DATA:
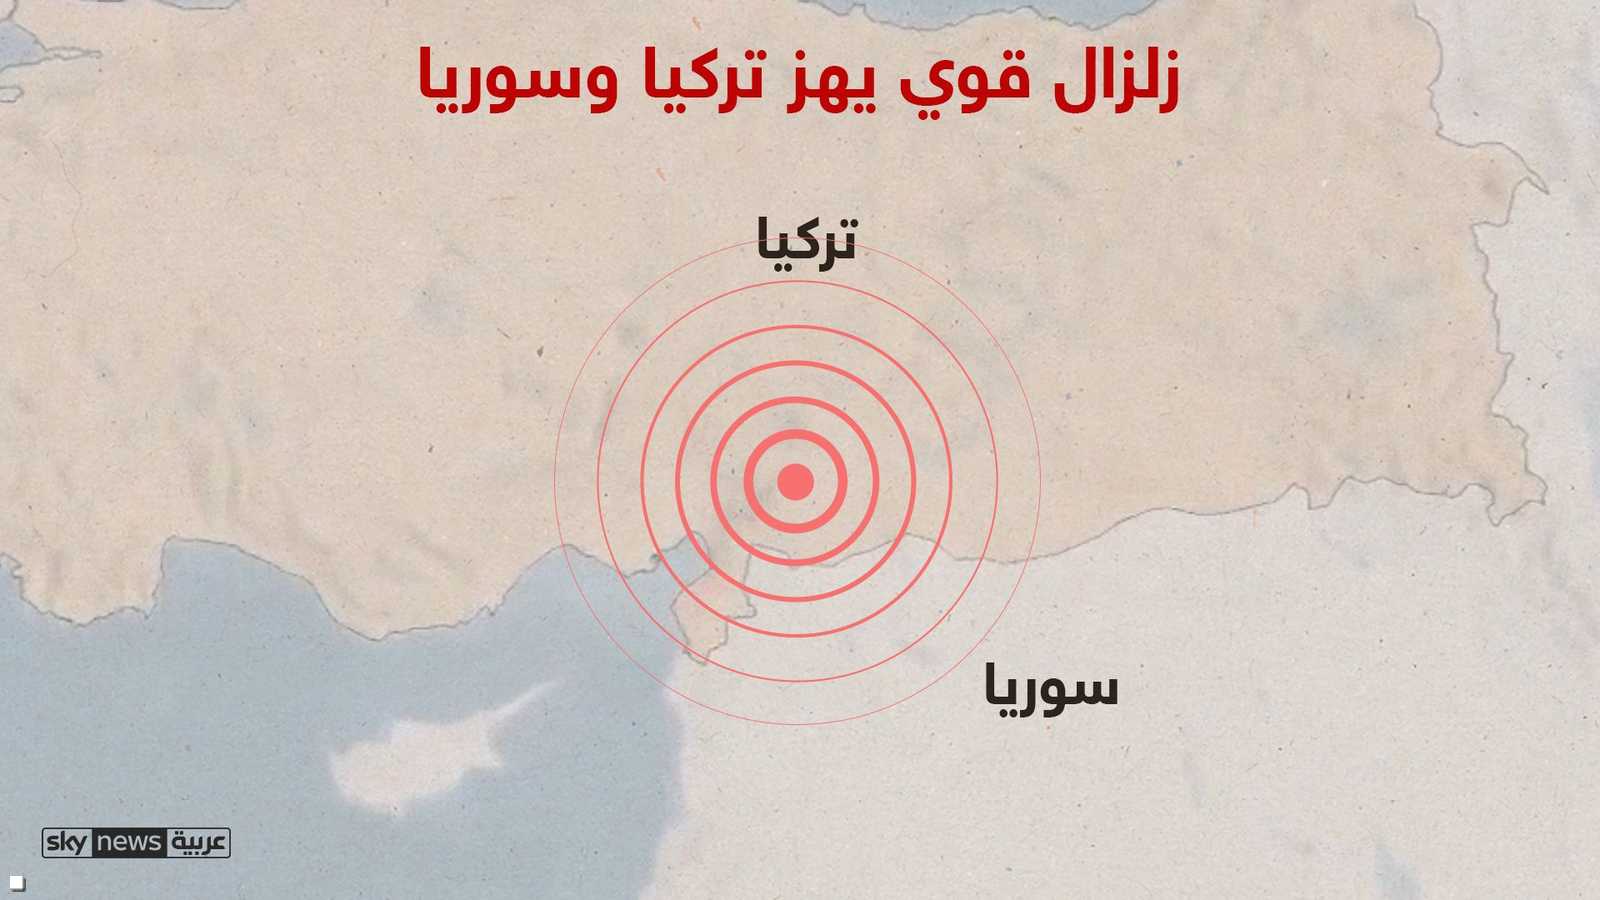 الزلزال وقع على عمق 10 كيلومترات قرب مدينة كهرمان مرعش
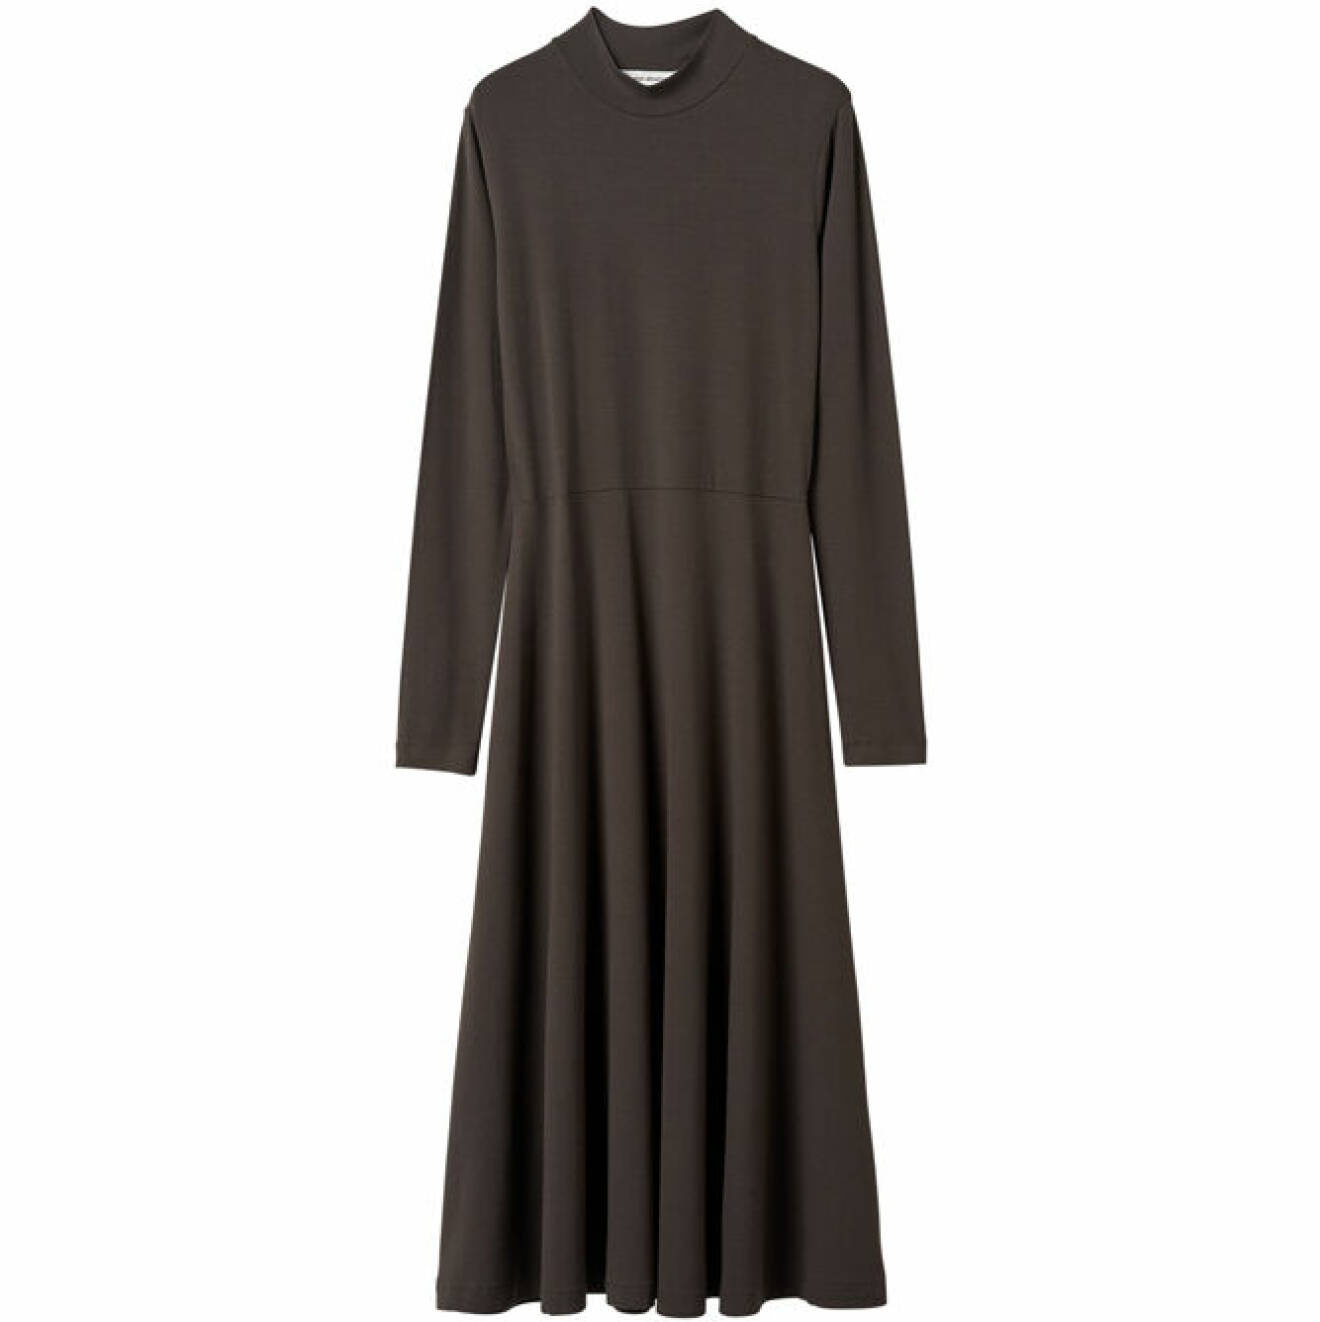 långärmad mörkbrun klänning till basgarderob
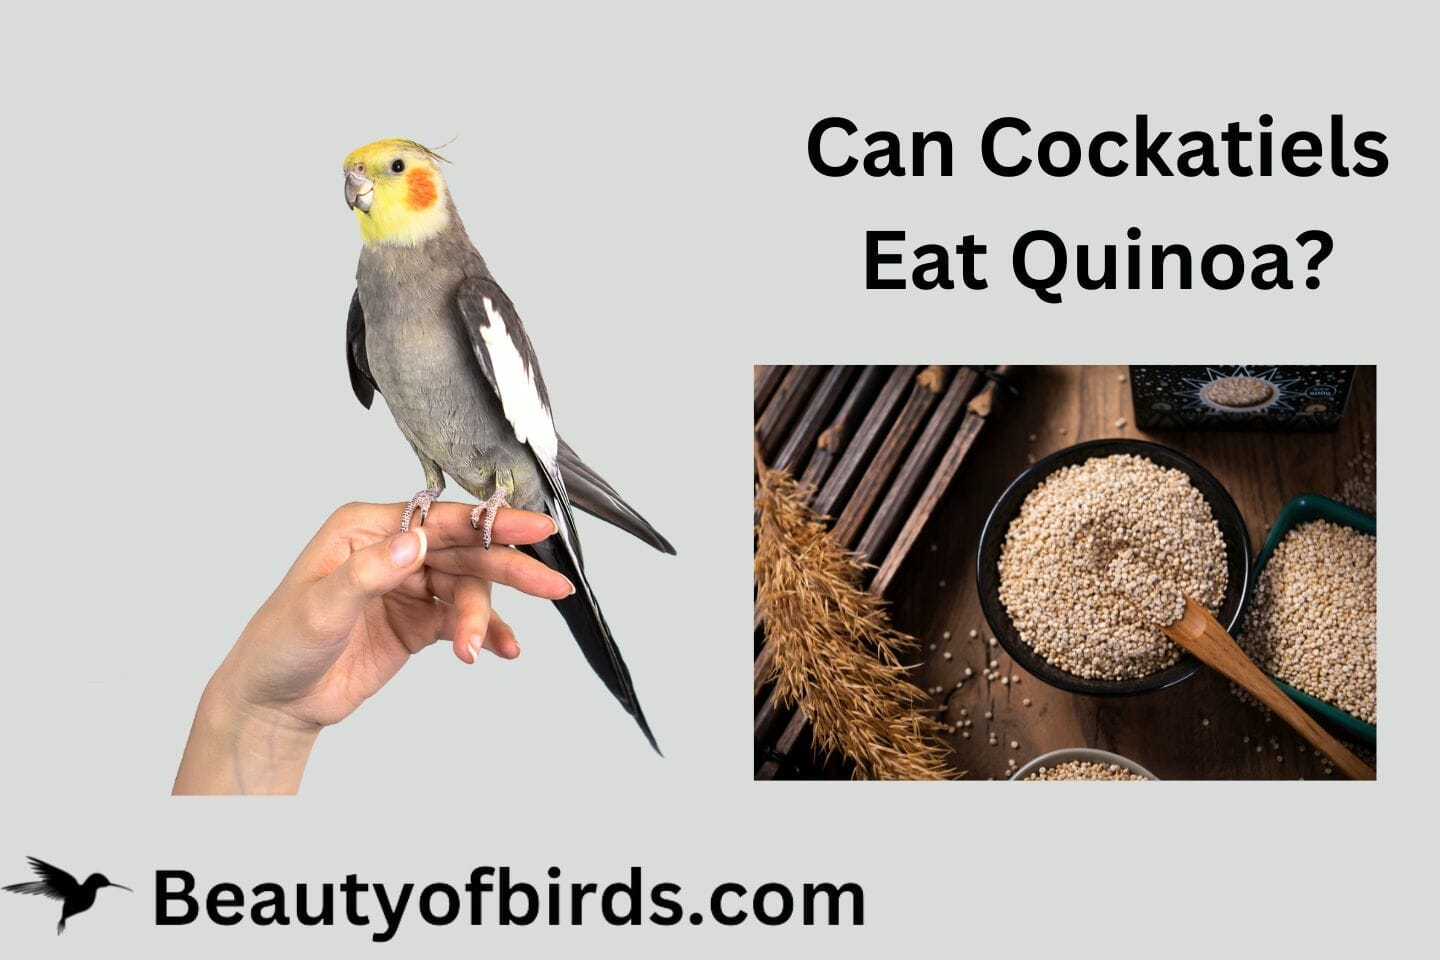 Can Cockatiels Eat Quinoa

WHAT YOU SHOULD DO:
Would you print the material exactly once more, without any of its pictures?

SOLUTION TO THIS EXERCISE:
 الزلزال وقع على عمق 10 كيلومترات قرب مدينة كهرمان مرعش
 långärmad mörkbrun klänning till basgarderob
 Can Cockatiels Eat Quinoa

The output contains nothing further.